For Gamble, one question her team posed is a common one among those of us with who've faced some kind of sexual harassment or misconduct: does this count? “A lot of it was questions, like ‘Does this rise to the level of what they’re talking about when they say harassment?’ And sometimes the answer was yes and sometimes the answer was no, but we can’t do anything about it if we don’t know about it,” she said. “And all of the people in positions of power are in terror that the people that work for them are being mistreated, and so really it’s about making sure that everyone understands the channels are open.”

But while much of the focus has been on sexual abuse and harassment in the industry, the implications of #MeToo are intersectional, something these women take to heart. 

“It’s about figuring out your voice — not only your creative voice…but also your voice as a manager, as a person who you’d want to work for," LeFranc said. "[It’s about] giving back and empowering other people who make your room more diverse — how to mentor and to make other people feel like they can create something. [The show] is as much theirs as it is yours.”

Gender parity is only half the battle, and it's not true parity if it's only helping white women. 

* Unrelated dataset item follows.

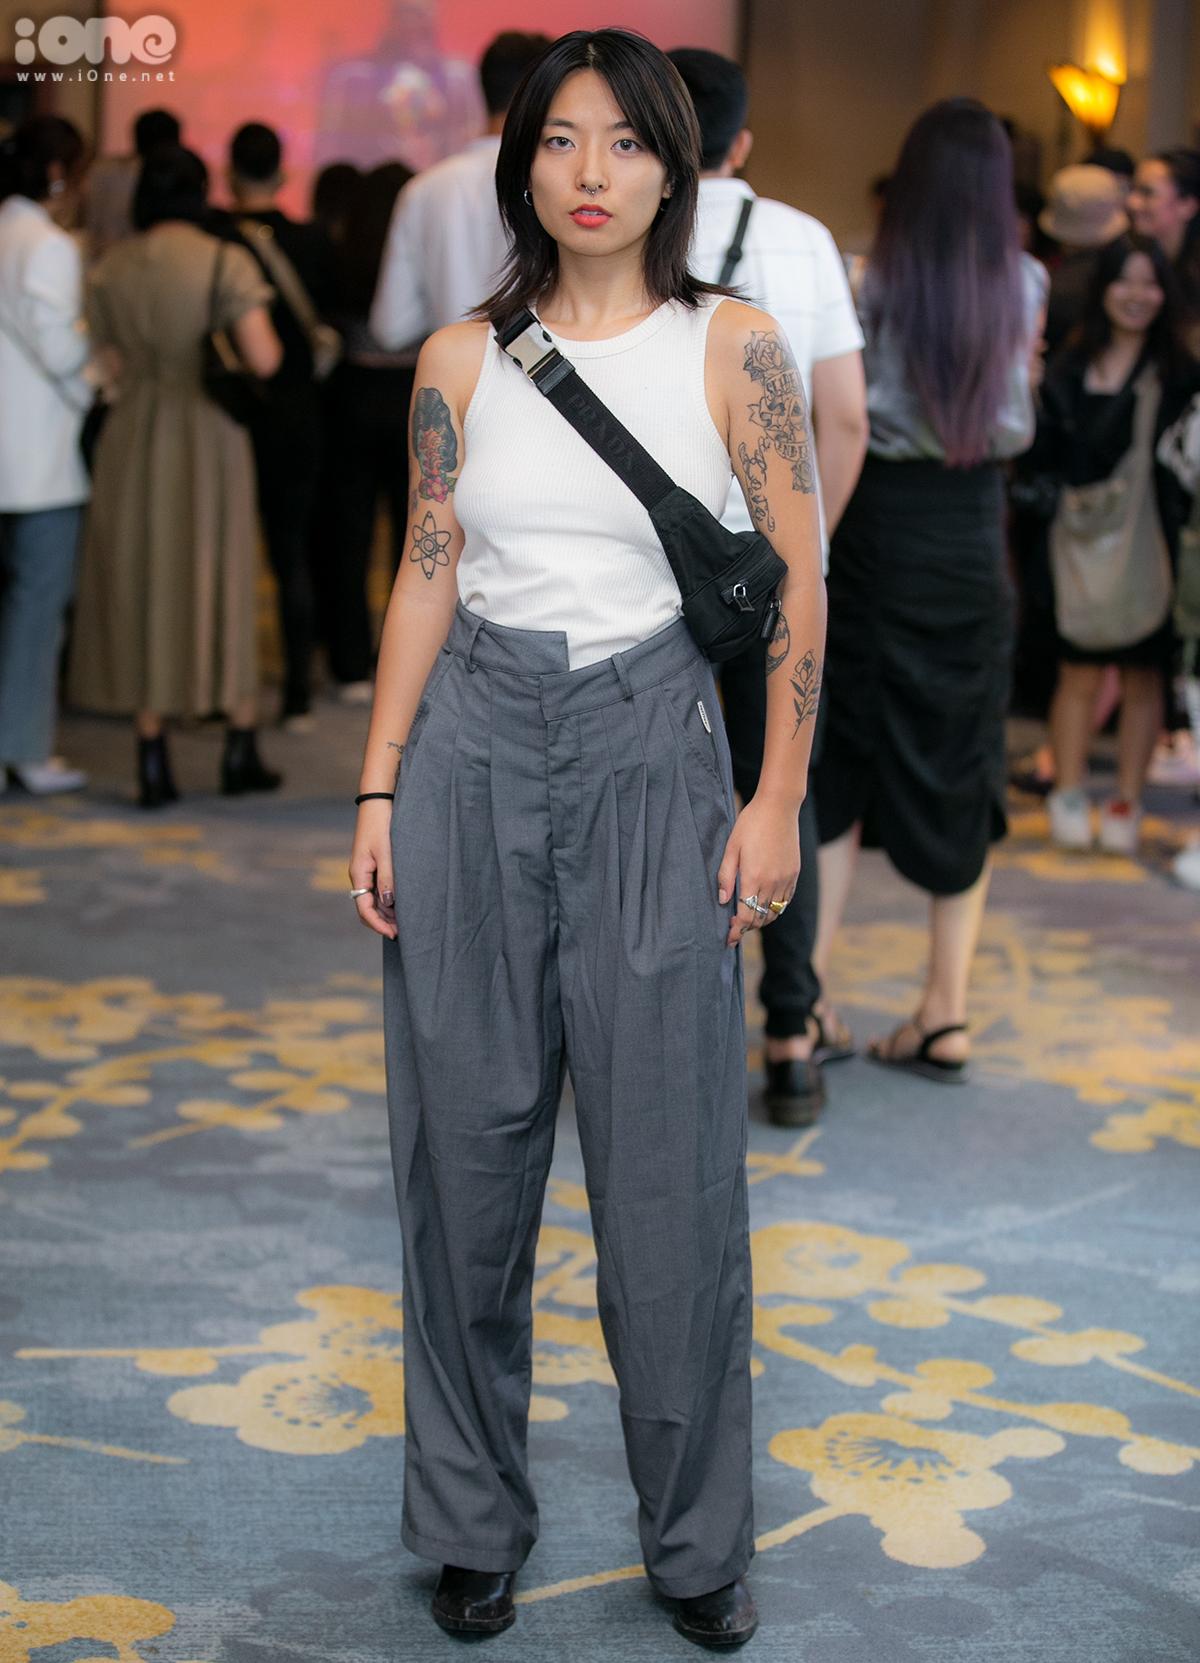 Wang lên đồ đơn giản nhưng vẫn ấn tượng nhờ kiểu quần cài lệch khuy. Những hình xăm trên tay là món trang sức giúp set đồ của cô thêm bắt mắt.

“The world is incredibly unfair and it’s unfair based on your gender, it’s unfair based on the color of your skin, it’s unfair based on whether you’re able in your body — but those things that are unfair are also where art comes from,” Gamble said. “If what you want to do is make a certain kind of art then do what you have to do to squeeze yourself in there.”

It can be a struggle to, as Polson and Jesika put it, fight our way “through the male-verse” and succeed. But with leaders like these women, we can all be inspired to make change.